■ **RECORDS FOR THIS EXERCISE**:
■ ■ ■

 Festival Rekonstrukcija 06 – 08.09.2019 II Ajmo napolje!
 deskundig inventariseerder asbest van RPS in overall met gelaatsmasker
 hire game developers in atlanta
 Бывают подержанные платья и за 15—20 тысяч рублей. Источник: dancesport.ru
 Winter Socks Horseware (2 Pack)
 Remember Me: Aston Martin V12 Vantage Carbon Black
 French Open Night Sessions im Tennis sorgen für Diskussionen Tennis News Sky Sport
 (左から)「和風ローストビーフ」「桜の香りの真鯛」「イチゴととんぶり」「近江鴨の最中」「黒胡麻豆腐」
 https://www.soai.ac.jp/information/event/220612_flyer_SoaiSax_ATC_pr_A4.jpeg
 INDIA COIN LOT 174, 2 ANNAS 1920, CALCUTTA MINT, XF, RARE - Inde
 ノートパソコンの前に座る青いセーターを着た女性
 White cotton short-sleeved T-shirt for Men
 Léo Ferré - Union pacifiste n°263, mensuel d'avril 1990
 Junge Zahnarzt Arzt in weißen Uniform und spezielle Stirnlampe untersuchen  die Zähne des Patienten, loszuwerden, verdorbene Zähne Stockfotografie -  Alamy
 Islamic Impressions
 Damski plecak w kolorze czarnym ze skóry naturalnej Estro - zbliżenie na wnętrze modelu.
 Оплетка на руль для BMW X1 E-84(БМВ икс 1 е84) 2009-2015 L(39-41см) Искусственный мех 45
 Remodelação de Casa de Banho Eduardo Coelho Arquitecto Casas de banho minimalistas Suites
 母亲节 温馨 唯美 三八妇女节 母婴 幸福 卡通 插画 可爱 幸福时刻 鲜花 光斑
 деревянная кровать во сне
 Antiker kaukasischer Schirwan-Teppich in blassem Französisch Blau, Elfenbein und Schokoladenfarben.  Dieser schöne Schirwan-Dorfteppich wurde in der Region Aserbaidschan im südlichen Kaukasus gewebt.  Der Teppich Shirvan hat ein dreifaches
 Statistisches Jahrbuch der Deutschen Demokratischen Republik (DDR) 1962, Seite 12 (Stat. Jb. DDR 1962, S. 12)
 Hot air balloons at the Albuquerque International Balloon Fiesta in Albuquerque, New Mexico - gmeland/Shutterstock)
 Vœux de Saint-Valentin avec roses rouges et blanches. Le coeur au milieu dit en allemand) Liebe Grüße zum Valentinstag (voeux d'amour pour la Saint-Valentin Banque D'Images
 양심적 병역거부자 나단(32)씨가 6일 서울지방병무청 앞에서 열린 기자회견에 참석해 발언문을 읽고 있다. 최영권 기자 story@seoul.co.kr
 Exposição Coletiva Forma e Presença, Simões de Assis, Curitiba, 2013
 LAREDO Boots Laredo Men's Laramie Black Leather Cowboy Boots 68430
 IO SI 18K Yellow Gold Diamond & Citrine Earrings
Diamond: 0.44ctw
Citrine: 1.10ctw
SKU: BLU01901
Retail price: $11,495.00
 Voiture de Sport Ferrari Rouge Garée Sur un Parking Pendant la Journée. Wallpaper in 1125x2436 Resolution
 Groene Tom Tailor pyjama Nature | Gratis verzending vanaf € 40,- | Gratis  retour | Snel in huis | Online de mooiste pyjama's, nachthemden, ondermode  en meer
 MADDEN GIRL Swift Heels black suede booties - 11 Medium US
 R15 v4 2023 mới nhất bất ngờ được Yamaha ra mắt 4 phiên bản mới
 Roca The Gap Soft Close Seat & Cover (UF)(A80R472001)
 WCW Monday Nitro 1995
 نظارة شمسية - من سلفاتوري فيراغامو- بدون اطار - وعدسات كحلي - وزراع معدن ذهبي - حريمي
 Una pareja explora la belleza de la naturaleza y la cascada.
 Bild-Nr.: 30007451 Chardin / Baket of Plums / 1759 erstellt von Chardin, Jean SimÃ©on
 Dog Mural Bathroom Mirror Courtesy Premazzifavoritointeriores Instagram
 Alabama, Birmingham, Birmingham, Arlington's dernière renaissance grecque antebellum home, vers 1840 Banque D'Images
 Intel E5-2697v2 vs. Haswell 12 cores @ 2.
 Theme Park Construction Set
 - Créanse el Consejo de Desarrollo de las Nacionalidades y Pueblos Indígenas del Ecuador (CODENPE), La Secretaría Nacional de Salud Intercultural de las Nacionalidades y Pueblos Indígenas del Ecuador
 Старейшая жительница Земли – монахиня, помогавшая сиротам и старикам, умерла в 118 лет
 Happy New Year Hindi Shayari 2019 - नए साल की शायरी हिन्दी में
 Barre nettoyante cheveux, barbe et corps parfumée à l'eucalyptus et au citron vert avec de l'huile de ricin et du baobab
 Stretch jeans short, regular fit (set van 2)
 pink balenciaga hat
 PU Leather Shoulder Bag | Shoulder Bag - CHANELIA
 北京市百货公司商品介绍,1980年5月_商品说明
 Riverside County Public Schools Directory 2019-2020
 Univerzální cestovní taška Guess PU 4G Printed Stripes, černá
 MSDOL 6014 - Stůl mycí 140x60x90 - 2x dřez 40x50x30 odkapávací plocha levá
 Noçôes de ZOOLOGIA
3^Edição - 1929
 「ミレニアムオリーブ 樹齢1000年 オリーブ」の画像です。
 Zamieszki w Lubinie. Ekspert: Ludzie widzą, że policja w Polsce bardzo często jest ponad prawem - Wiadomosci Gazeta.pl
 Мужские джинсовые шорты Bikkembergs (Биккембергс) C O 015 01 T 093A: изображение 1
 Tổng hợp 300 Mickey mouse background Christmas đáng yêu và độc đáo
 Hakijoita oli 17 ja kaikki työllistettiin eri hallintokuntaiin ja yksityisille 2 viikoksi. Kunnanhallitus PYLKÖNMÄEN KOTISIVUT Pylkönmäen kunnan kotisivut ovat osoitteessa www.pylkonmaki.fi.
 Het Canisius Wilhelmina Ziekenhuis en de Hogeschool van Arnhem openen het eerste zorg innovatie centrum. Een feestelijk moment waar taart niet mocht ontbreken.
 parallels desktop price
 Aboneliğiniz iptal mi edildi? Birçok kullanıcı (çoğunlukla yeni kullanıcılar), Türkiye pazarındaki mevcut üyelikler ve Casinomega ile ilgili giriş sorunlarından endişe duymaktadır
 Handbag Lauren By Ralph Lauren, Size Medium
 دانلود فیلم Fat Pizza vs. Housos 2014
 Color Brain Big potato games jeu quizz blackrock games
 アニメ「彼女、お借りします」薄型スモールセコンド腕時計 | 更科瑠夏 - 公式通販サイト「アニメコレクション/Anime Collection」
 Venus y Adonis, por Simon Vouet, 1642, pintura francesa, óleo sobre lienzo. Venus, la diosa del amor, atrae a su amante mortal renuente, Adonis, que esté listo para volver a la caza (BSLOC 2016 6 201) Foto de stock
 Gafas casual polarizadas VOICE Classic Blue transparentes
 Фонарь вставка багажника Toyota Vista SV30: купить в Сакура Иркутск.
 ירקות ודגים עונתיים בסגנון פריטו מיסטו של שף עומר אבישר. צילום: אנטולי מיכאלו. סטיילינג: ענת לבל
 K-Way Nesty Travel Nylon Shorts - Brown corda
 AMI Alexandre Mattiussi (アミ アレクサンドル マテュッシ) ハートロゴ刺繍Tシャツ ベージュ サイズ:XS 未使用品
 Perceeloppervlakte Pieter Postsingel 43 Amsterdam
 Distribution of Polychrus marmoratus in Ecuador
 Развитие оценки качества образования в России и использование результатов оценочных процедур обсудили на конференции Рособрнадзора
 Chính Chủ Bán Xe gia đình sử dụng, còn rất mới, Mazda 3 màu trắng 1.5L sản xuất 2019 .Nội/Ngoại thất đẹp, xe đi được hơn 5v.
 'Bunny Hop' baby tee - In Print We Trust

■ ■ ■

■ **REQUIREMENT**:
Return, without any change, only the lines from the one containing "アニメ「彼女、お借りします」薄型スモールセコンド腕時計 | 更科瑠夏" through the last line of the entries above.

■ **RESULT OF THIS TASK**:
 アニメ「彼女、お借りします」薄型スモールセコンド腕時計 | 更科瑠夏 - 公式通販サイト「アニメコレクション/Anime Collection」
 Venus y Adonis, por Simon Vouet, 1642, pintura francesa, óleo sobre lienzo. Venus, la diosa del amor, atrae a su amante mortal renuente, Adonis, que esté listo para volver a la caza (BSLOC 2016 6 201) Foto de stock
 Gafas casual polarizadas VOICE Classic Blue transparentes
 Фонарь вставка багажника Toyota Vista SV30: купить в Сакура Иркутск.
 ירקות ודגים עונתיים בסגנון פריטו מיסטו של שף עומר אבישר. צילום: אנטולי מיכאלו. סטיילינג: ענת לבל
 K-Way Nesty Travel Nylon Shorts - Brown corda
 AMI Alexandre Mattiussi (アミ アレクサンドル マテュッシ) ハートロゴ刺繍Tシャツ ベージュ サイズ:XS 未使用品
 Perceeloppervlakte Pieter Postsingel 43 Amsterdam
 Distribution of Polychrus marmoratus in Ecuador
 Развитие оценки качества образования в России и использование результатов оценочных процедур обсудили на конференции Рособрнадзора
 Chính Chủ Bán Xe gia đình sử dụng, còn rất mới, Mazda 3 màu trắng 1.5L sản xuất 2019 .Nội/Ngoại thất đẹp, xe đi được hơn 5v.
 'Bunny Hop' baby tee - In Print We Trust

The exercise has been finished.